Não gostei do filme. Achei muito sem graça. Achei que fosse uma luta pelo direto ao amor de ambos os sexos. Muito fraco o contexto do filme por isso dei duas estrelas
Um filme bom, mas nada fora da curva… diria que esquecível. O filme reflete sobre o tempo e como a vida é do jeito que ela é, do jeito que tem que ser. O redescobrimento da beleza da vida é delicadamente explorado através da grande atuação de Colin Firth, principalmente através dos seus diálogos com os personagens secundários (Jim, Charlotte, Carlos e Kenny) e pelas imagens em câmera lenta, quando George atenta-se aos prazeres rotineiros que regozija a sua vida. A fotografia de Tom Ford, assim como em Animais Noturnos, realmente chama a atenção e cria o clima refinado do filme. Julianne (belíssima aqui) e Colin estão ótimos nos papéis.
O filme é tecnicamente muito bom, fotografia, direção de arte, etc, além da excelente atuação de Colin Firth, no entrando o roteiro não é assim tão estimulante.
Simplesmente perfeito o filme! Emocionante... As vezes achamos que não valemos nada, mas estamos perdendo tempo em pensar em se matar. Geo ainda aproveitou bastante o que teve de vida após a morte do seu querido Jim.
Um filme que mostra a dor através da perda de um grande amor. Aqui entre dois homens. A brincadeira das cores para retratar as emoções do personagem do ator Colin Firth, mais cinza, quase sem cor em contrapartida as pessoas a sua volta, em tons vivos, fortes e, em como ao longo da trajetória dele até o final, elas se equilibram. O diretor, o estilista Tom Ford, foi bastante elogiado e criticado em sua estreia na direção de um longa-metragem, na mesma intensidade em que foi dito que esta é uma obra muito estética. Concordo, a estética está ali, presente em todos os ângulos, enquadramentos, figurino, maquiagem, cabelo, na direção de arte, impecáveis, só que a favor do filme! Me agradou muito os demais atores em cena, todos com um ar misterioso, com algo nas entrelinhas, não dito através das falas. Com maior ou menor importância, Julianne Moore, Mathew Goode, Nicholas Hoult, Ginnifer Goodwin, Lee Pace. Curiosidade. Indicado ao Oscar de Melhor Ator para Colin Firth. Nota do público: 7.6 (IMDB) Nota dos críticos: 85%(Rotten Tomatoes) Bilheterias EUA - $9 milhões Mundo - $24 milhões Acesse o blog 365filmesem365dias.com.br para ler sobre outros filmes.

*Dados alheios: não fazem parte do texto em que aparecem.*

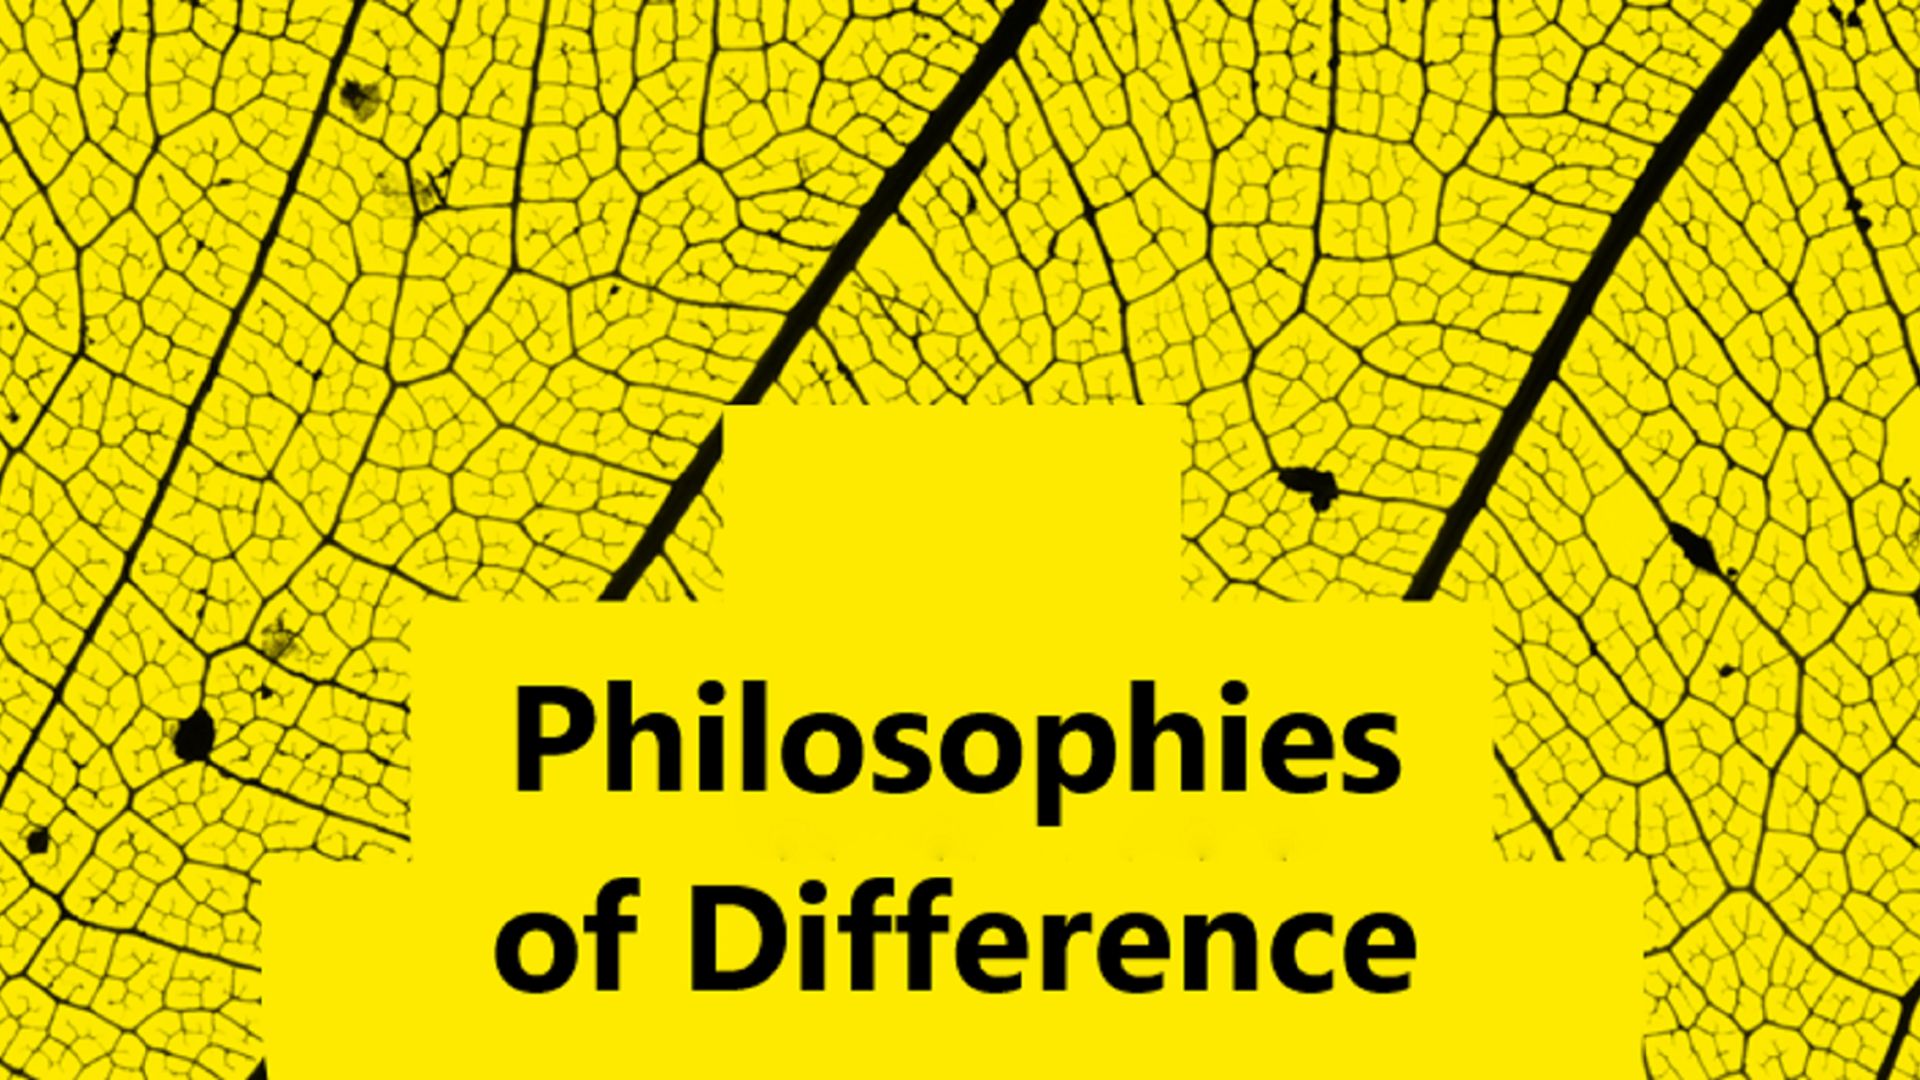 Philosophies-of-Difference-1920.jpg

O estilista Tom Ford surpreende em sua primeira incursão cinematográfica. Não apenas no quesito visual, notável, belíssimo e caprichado, mas também na condução sutil dessa discreta saga de um homem que decide viver tranquilamente aquele que ele deseja que seja o último dia de sua vida. Quando toma essa decisão, sua percepção do mundo muda e o espectador acompanha esse despertar em todos os aspesctos - profissional, amoroso, político e sexual. Muito do encanto se deve a dupla fenomenal de atores; Julianne Moore como a melhor amiga tem participação consideravelmente pequena, mas tem presença luminosa e, principalmente, Colin Firth, livre de todos os seus maneirísmos numa interpretação merecidamente premiada no festival de Berlim, premiada no BAFTA ("o oscar britânico") e indicada a todas as premiações importantes.
Isso é que eu chamo de drama. Direito de amar é um filme muito sensível e que só quem aprecia um filme pela arte irá gostar. O monólogo do ator, a fotografia, as cores quentes e o preto e branco das cenas são de uma sensibilidade fantástica. Pena que a Julianne Moore nao apareça muito no filme, mas sua breve atuação é esplêndida.